Advertorial: in association with Bristol Myers Squibb

It’s time to talk about psoriasis

We urgently need more dermatology specialists and a greater focus on skin conditions.

This article has been written and funded by Bristol Myers Squibb UK & Ireland.

We need to talk more about psoriasis. Save for the occasional celebrity diagnosis – which only shows the tip of the iceberg – psoriasis doesn’t often hit the headlines.

Yet, 1.8 million people in the UK are affected by this condition, and the full impact, including depression, inability to work, and financial distress, is overlooked. Debilitating symptoms are often compounded by a difficult and lengthy route to diagnosis and treatment, with patients frequently deprioritised in an overburdened health system.

To understand more about psoriasis in the UK and Ireland and identify solutions to better support the patient community, the pharmaceutical company Bristol Myers Squibb (BMS) has commissioned a new report.

UK patients are facing a “dual backlog”

As we are all aware, the last few years have been challenging for healthcare systems around the world. In the UK, already thinly stretched resources were loaded with enormous pressure by the Covid-19 pandemic, inevitably creating lengthy wait times. Facing the daunting task of wading through the backlogs, the NHS is rightly prioritising the most urgent cases, such as cancer diagnoses and treatment. However, within pressurised dermatology units, psoriasis patients face a dual backlog – firstly in delays accessing support due to the pandemic, and now with other conditions taking priority.

A clear case for reform

While delays are unavoidable within the current climate, we must also acknowledge that leaving psoriasis unmanaged has an impact, and not just for patients. Loss in productivity due to absenteeism from people with psoriasis equates to almost £1.07bn per year, and if we were to reduce sickness absence in working UK adults with psoriasis by just 10 per cent, we’d see a £50m boost to the economy.
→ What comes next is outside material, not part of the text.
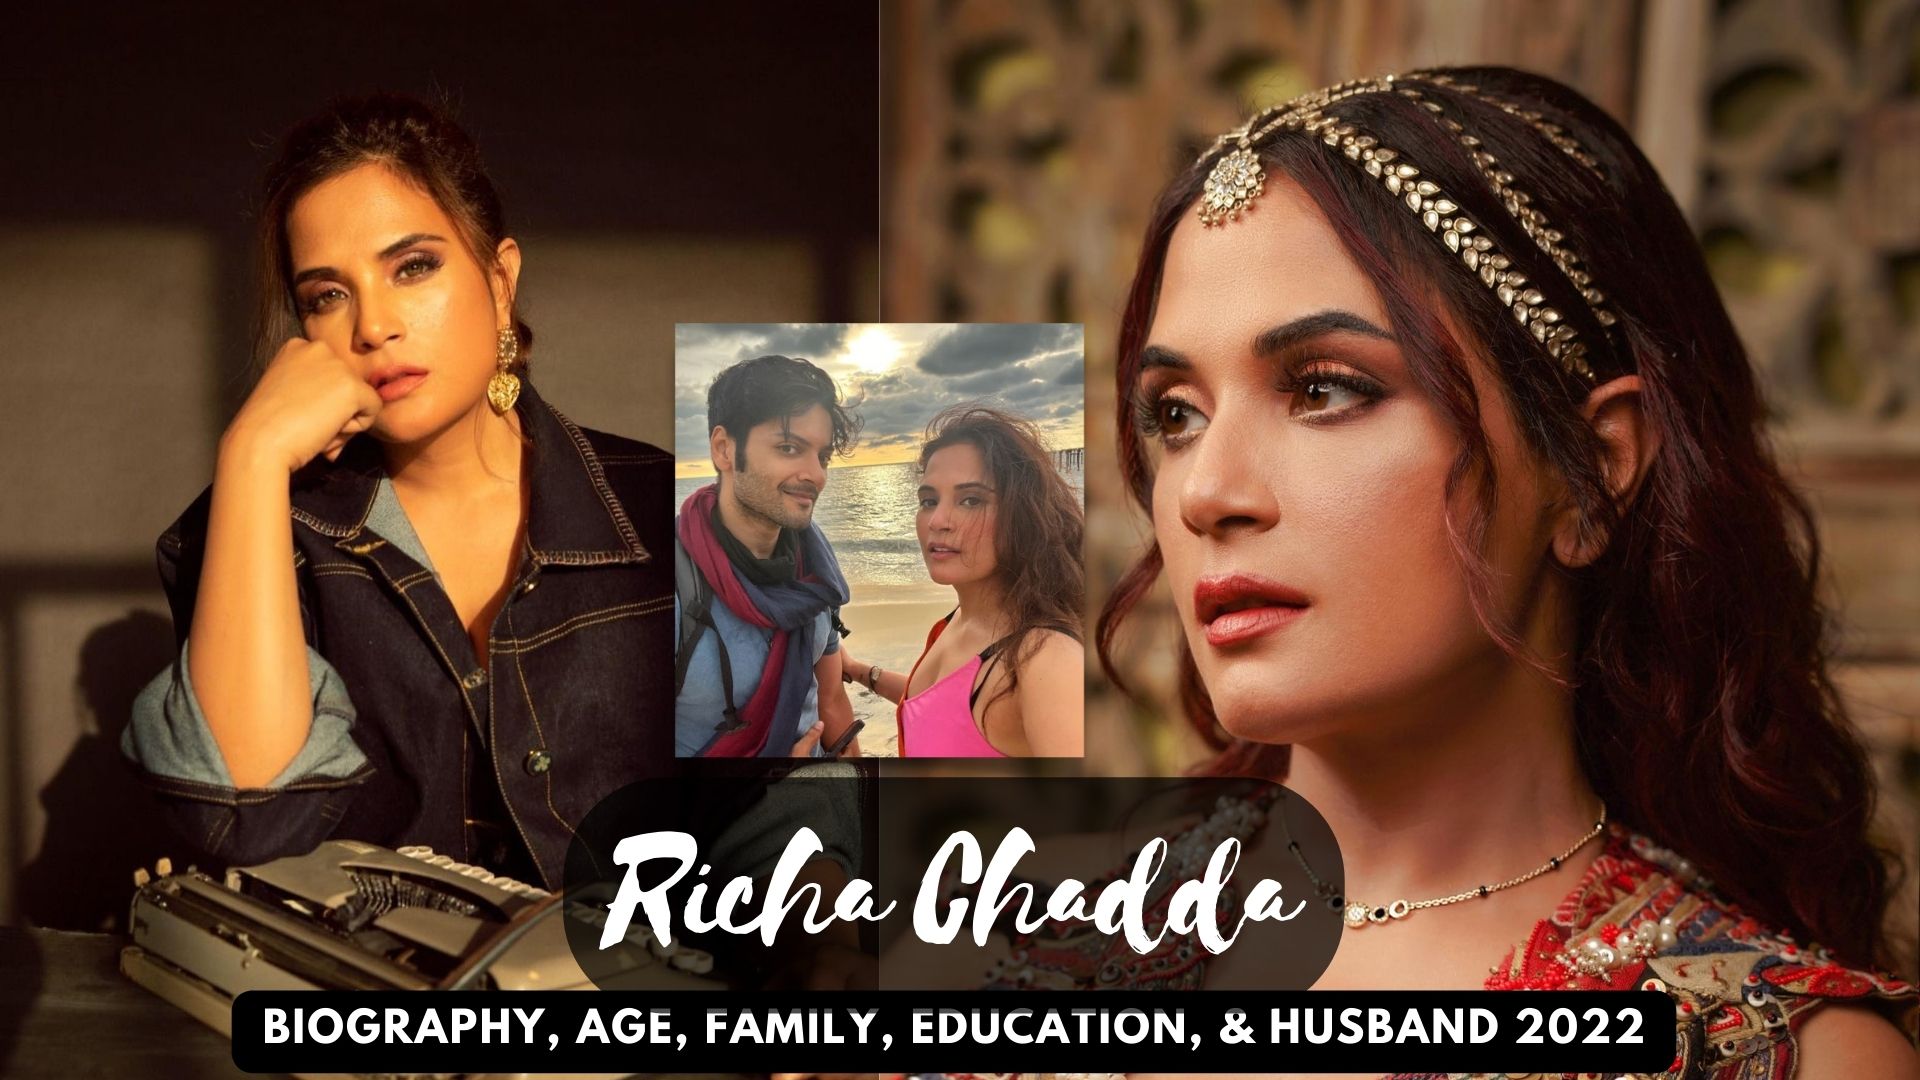 Richa Chadda Biography,  Age, Family, Education, & Husband 2022

Another challenge is that one in four people in England and Wales are seen through the current primary care pathway regarding a skin, nail or hair condition every year, yet there is a need to improve training in dermatology for GPs. In terms of psoriasis, diagnosis and many effective treatments can indeed be administered within the primary care setting, but almost three quarters of patients are not offered different treatment options and 54 per cent reported not feeling included with the decision-making process for their treatment.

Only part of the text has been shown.